[Records provided]
-*-

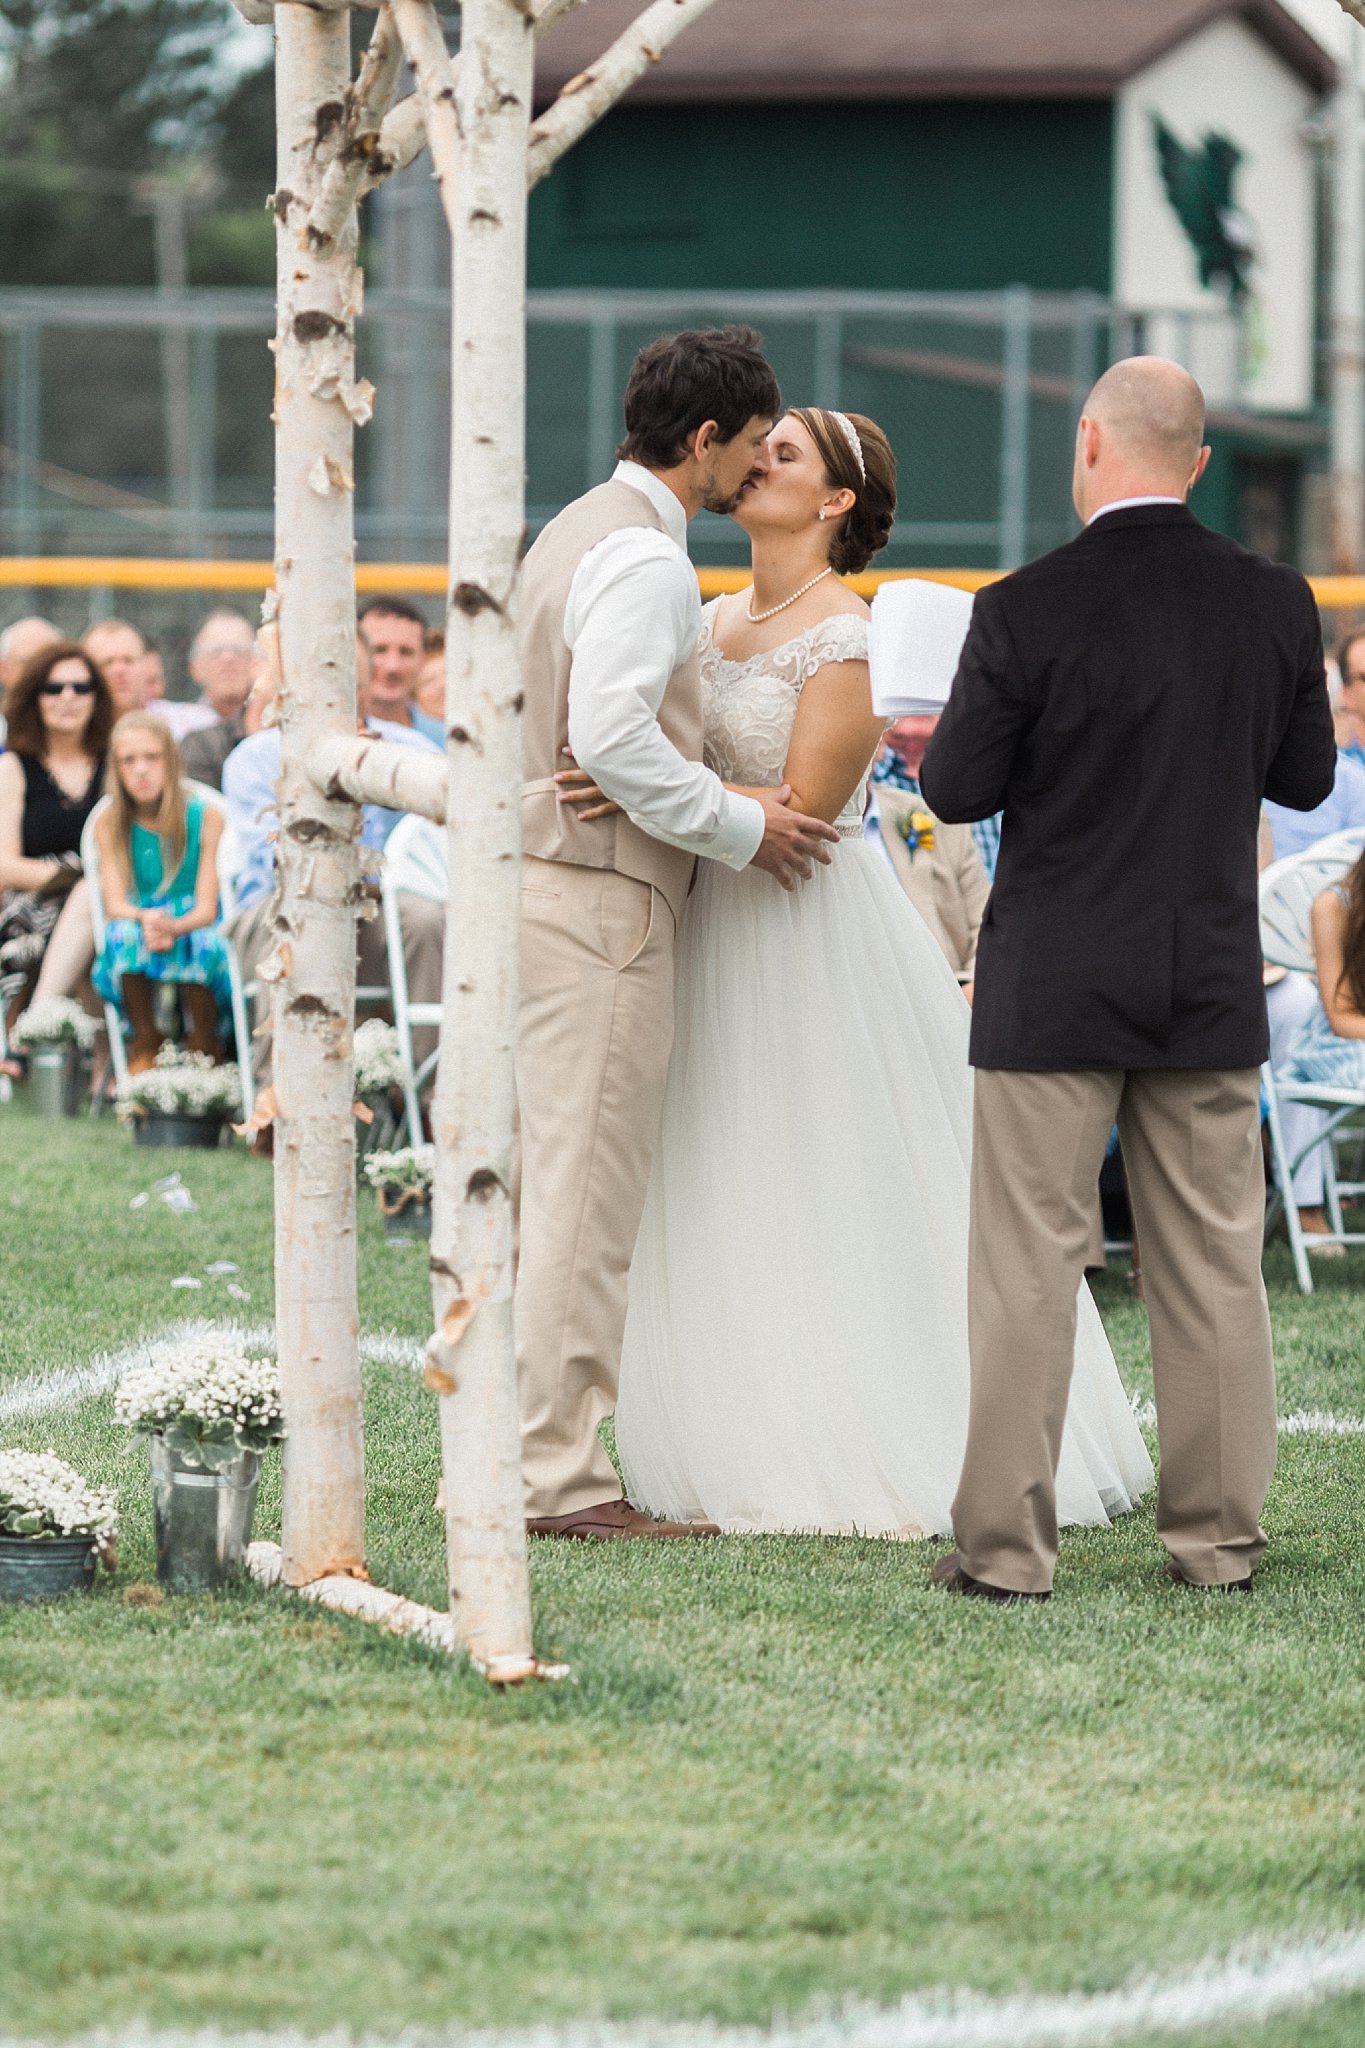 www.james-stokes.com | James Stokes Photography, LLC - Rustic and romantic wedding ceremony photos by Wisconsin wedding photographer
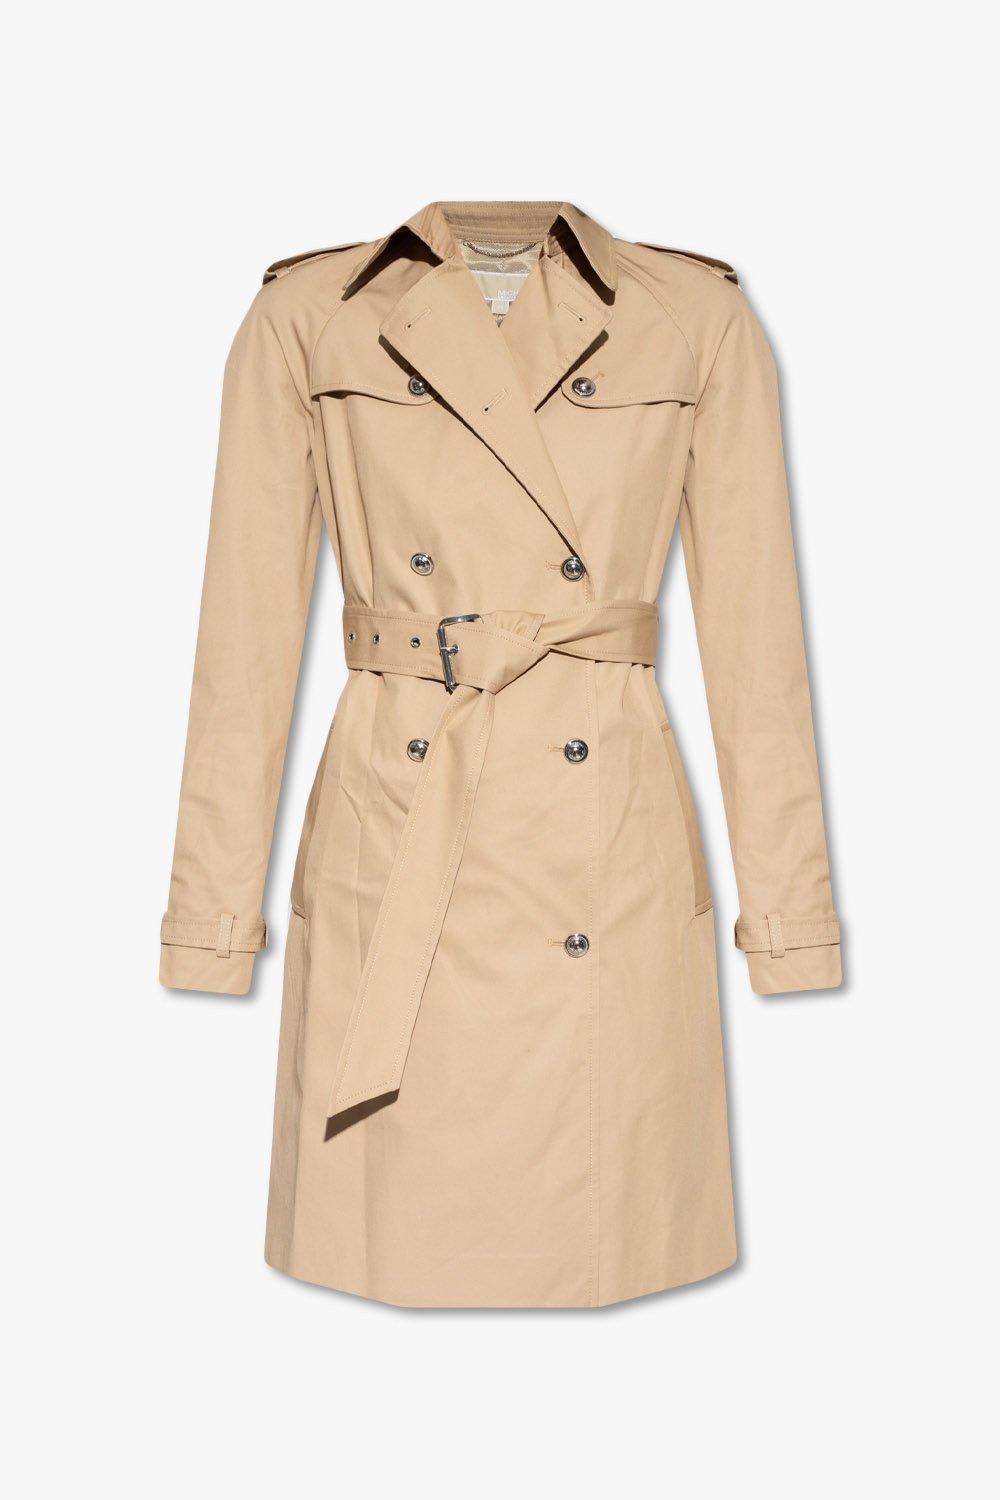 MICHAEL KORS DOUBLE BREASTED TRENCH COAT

-*-

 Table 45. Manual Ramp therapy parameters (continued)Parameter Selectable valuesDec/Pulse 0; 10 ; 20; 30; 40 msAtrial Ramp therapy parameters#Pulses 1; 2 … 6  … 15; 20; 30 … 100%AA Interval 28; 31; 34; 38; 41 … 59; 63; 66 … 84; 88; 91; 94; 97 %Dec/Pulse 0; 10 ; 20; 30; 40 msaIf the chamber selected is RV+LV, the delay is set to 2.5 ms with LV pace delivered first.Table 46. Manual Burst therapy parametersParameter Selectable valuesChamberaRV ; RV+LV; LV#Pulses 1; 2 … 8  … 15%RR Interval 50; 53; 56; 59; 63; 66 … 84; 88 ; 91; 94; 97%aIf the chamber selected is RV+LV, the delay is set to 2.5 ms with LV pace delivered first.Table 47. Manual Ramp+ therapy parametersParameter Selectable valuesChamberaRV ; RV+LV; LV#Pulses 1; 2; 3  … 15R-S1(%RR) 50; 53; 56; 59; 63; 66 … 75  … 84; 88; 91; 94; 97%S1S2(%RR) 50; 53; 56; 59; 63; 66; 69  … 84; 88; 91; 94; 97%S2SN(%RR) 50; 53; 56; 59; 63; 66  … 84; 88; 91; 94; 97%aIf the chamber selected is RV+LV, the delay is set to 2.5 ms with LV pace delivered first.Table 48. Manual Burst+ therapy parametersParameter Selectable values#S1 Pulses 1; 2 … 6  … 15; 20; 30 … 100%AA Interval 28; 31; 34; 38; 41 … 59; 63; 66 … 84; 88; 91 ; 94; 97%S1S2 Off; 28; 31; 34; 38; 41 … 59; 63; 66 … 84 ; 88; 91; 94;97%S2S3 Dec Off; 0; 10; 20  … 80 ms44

-*-

[Work task] Although the records above contain pictures, the copy must not; set down exactly the lines from the one with "www.james-stokes.com | James" up to and including the one with "MICHAEL KORS DOUBLE BREASTED TRENCH COAT".

[Written response]
 www.james-stokes.com | James Stokes Photography, LLC - Rustic and romantic wedding ceremony photos by Wisconsin wedding photographer
 MICHAEL KORS DOUBLE BREASTED TRENCH COAT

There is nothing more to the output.